Research Summary
Research Summary
How Does Foreign Direct Investment Promote Economic Growth? Exploring the Effects of Financial Markets on Linkages (with Areendam Chanda, Sebnem Kalemli-Ozcan and Selin Sayek)
By: Laura Alfaro
Description
The empirical literature finds mixed evidence on the
existence of positive productivity externalities in the host country
generated by foreign multinational companies. We propose a novel
mechanism, which emphasizes the role of local financial markets in
enabling foreign direct investment (FDI) to promote growth through
backward linkages, shedding light on this empirical ambiguity. In a
small open economy, final goods production combines the production
processes of foreign and domestic firms, which compete for skilled
labor, unskilled labor, and intermediate products.
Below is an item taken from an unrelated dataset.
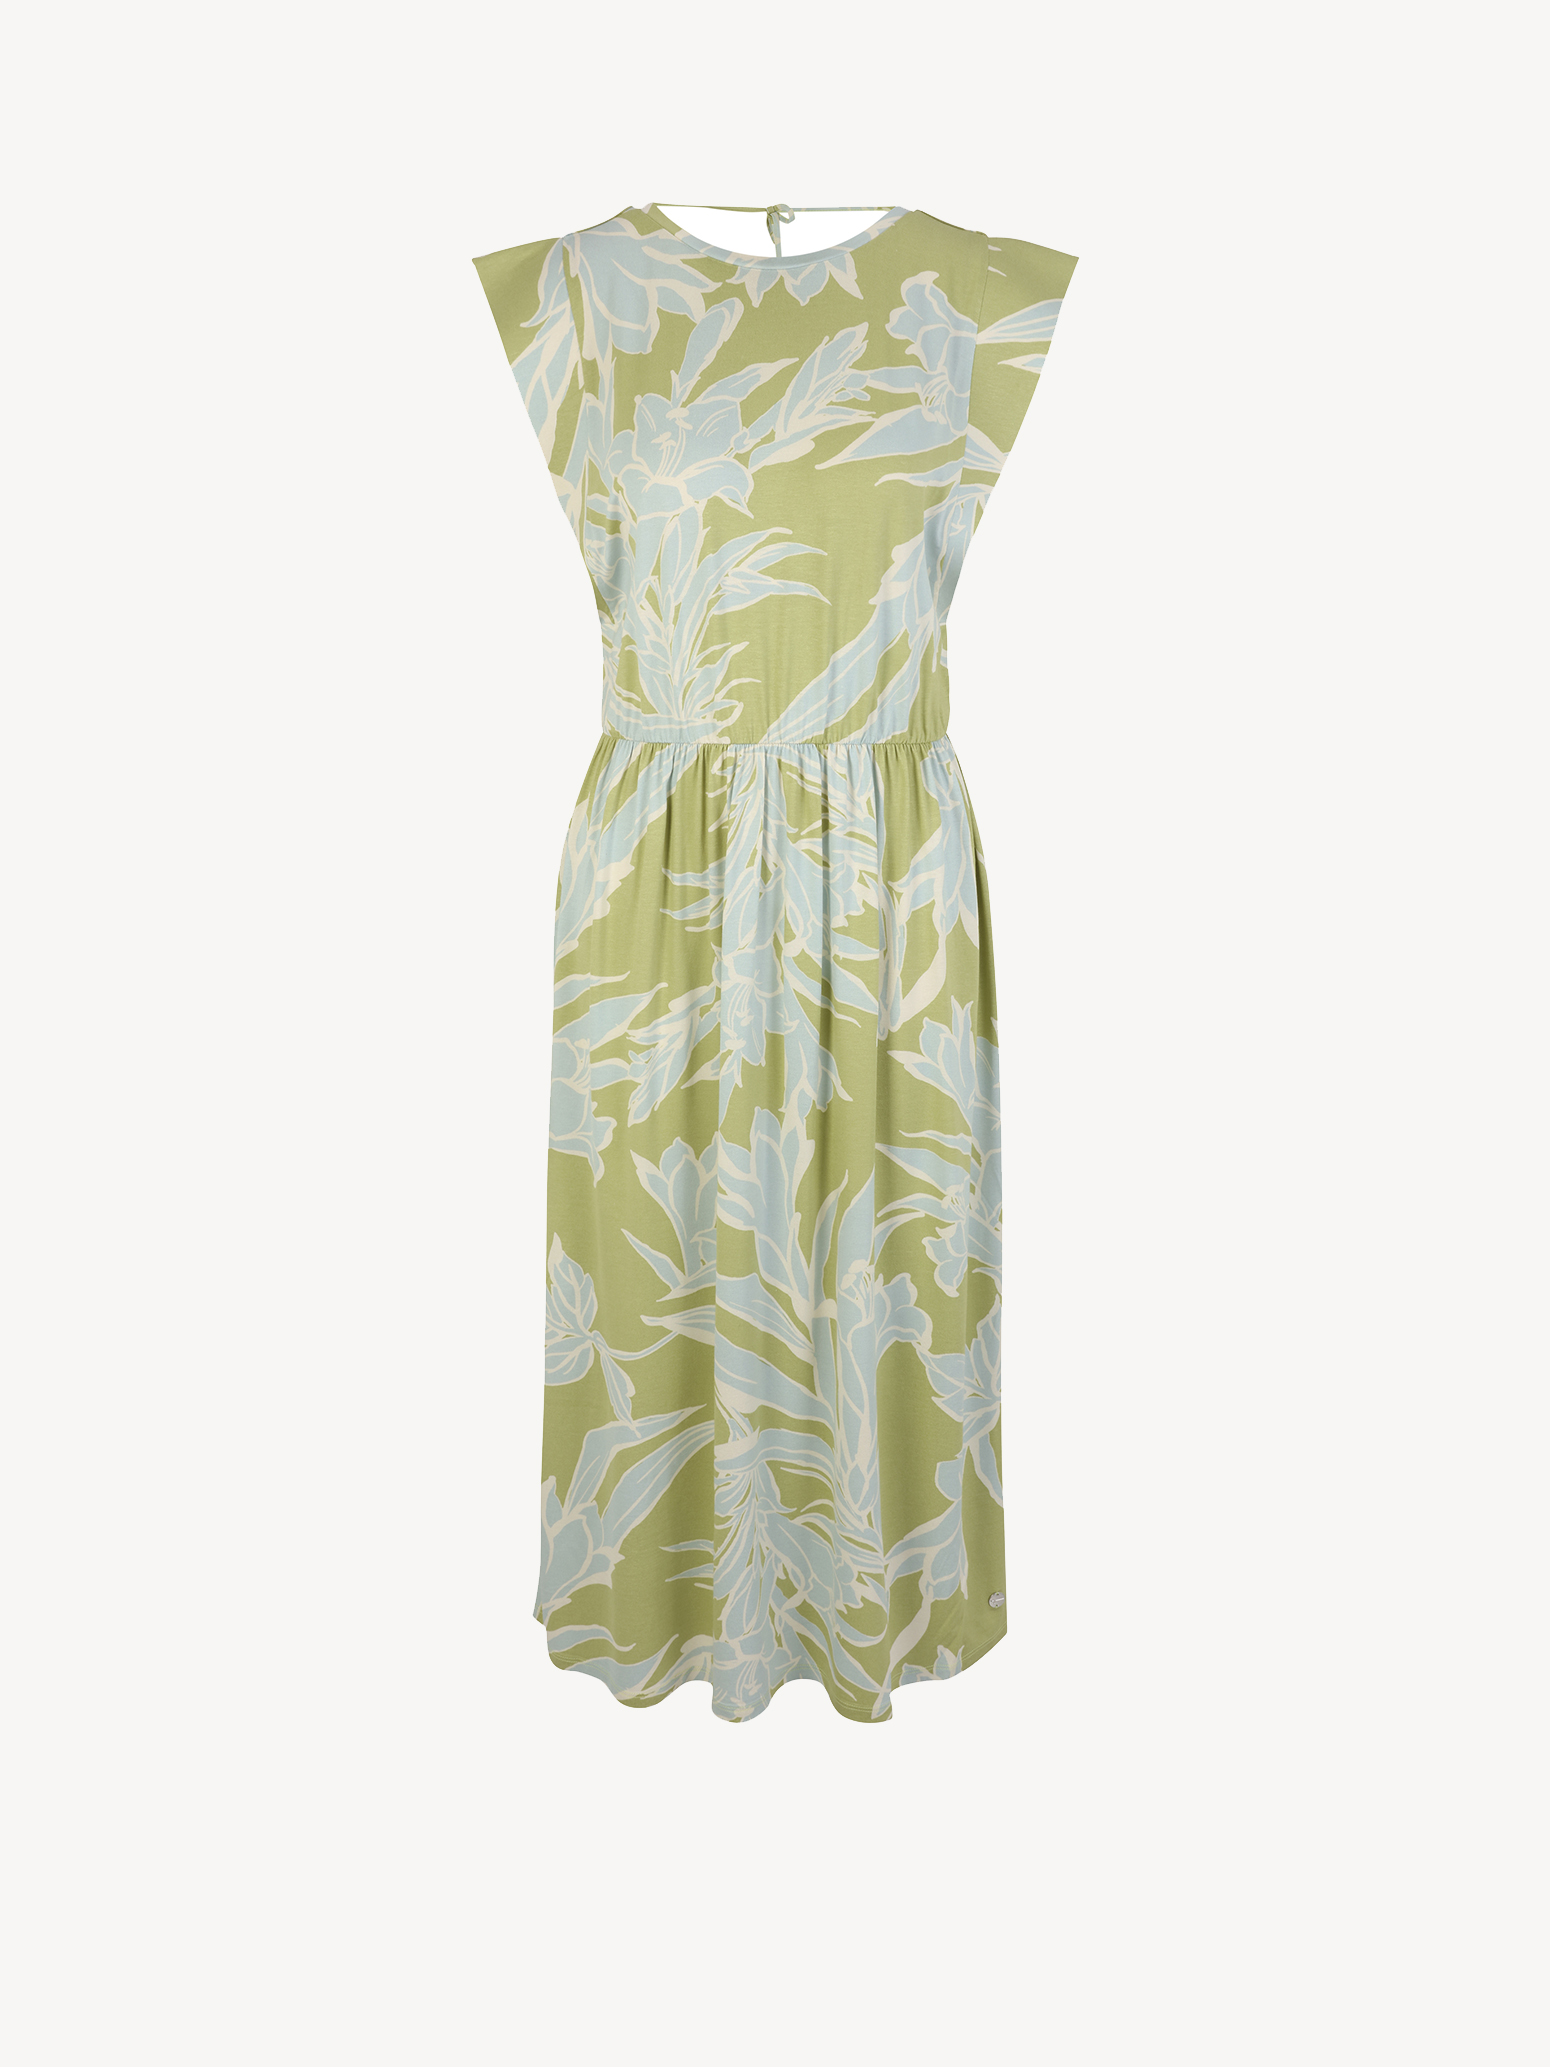 Kleid - grün TAW0430-63102: Tamaris Kleider online kaufen!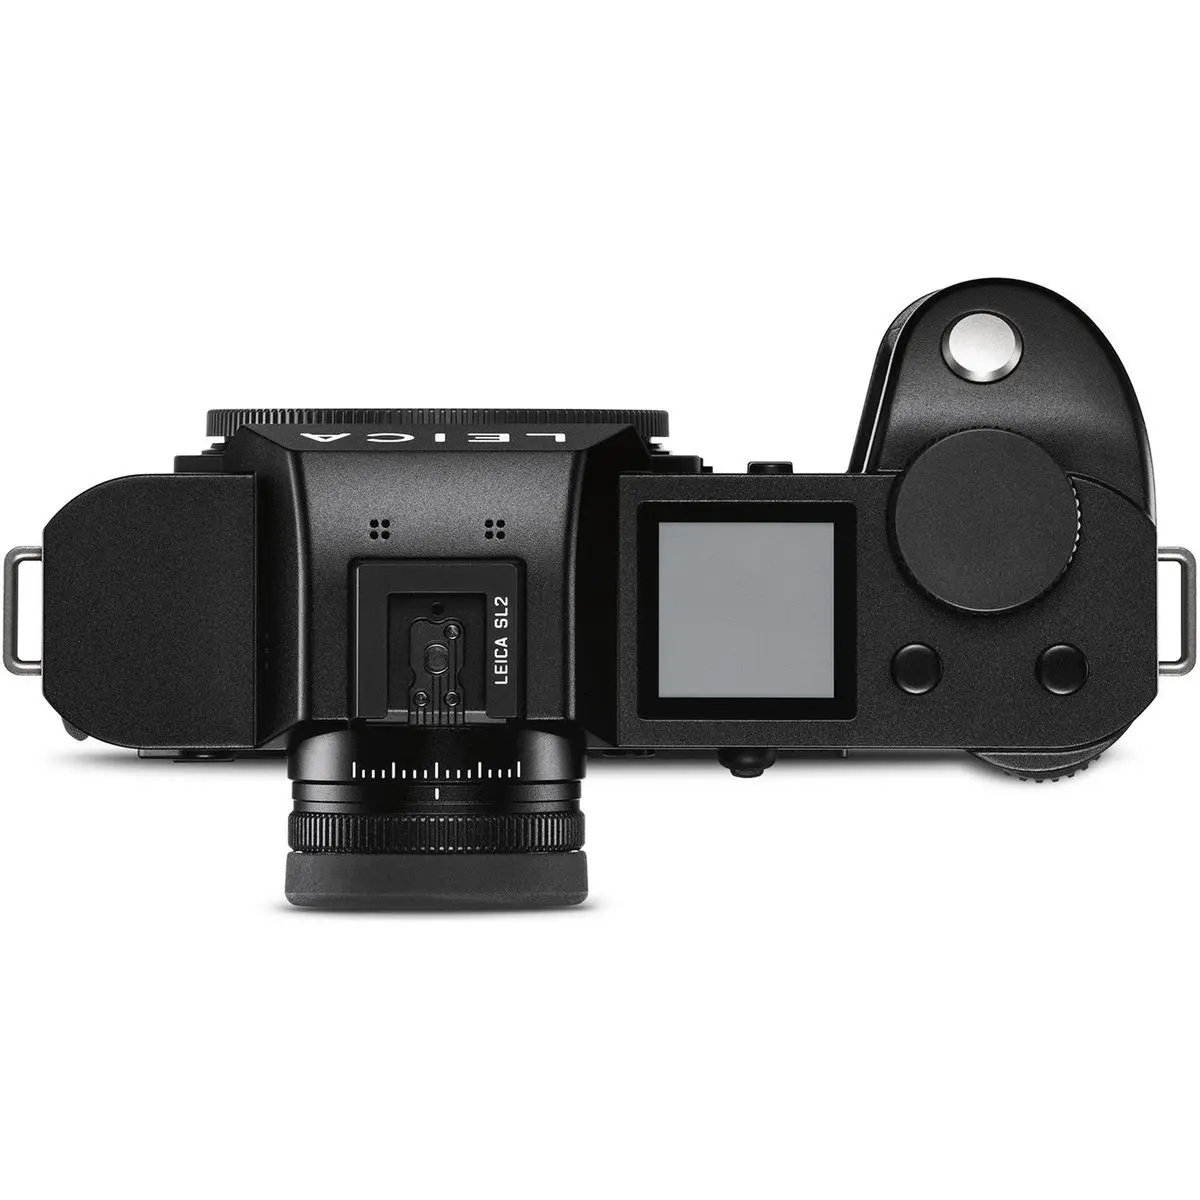 2. Leica SL2

In order to
operate a firm in the intermediate goods sector, entrepreneurs must
first engage in R\&D to develop a new variety of intermediate good.
Innovation requires capital costs, which must be financed through
the domestic financial institutions. The more developed the local
financial markets are, the easier it is for credit constrained
entrepreneurs to start their own firms. Thus the number of varieties
of intermediate goods increases, causing positive spillovers to the
final goods sector. As a result the host country benefits from the
backward linkages between foreign and domestic firms since the local
financial markets allow these linkages to turn into FDI spillovers.
Our calibration exercise confirms our analytical results. For the
same proportion of foreign owned firms, countries with well
developed financial markets grow twice as fast compared to those
with poorly developed markets. Further the effect of an increase in
FDI on growth is higher for the countries with well developed
markets. The calibration exercise also shows the importance of the other local conditions such as market structure and human capital---the absorptive capacities---for the effect of FDI on economic growth.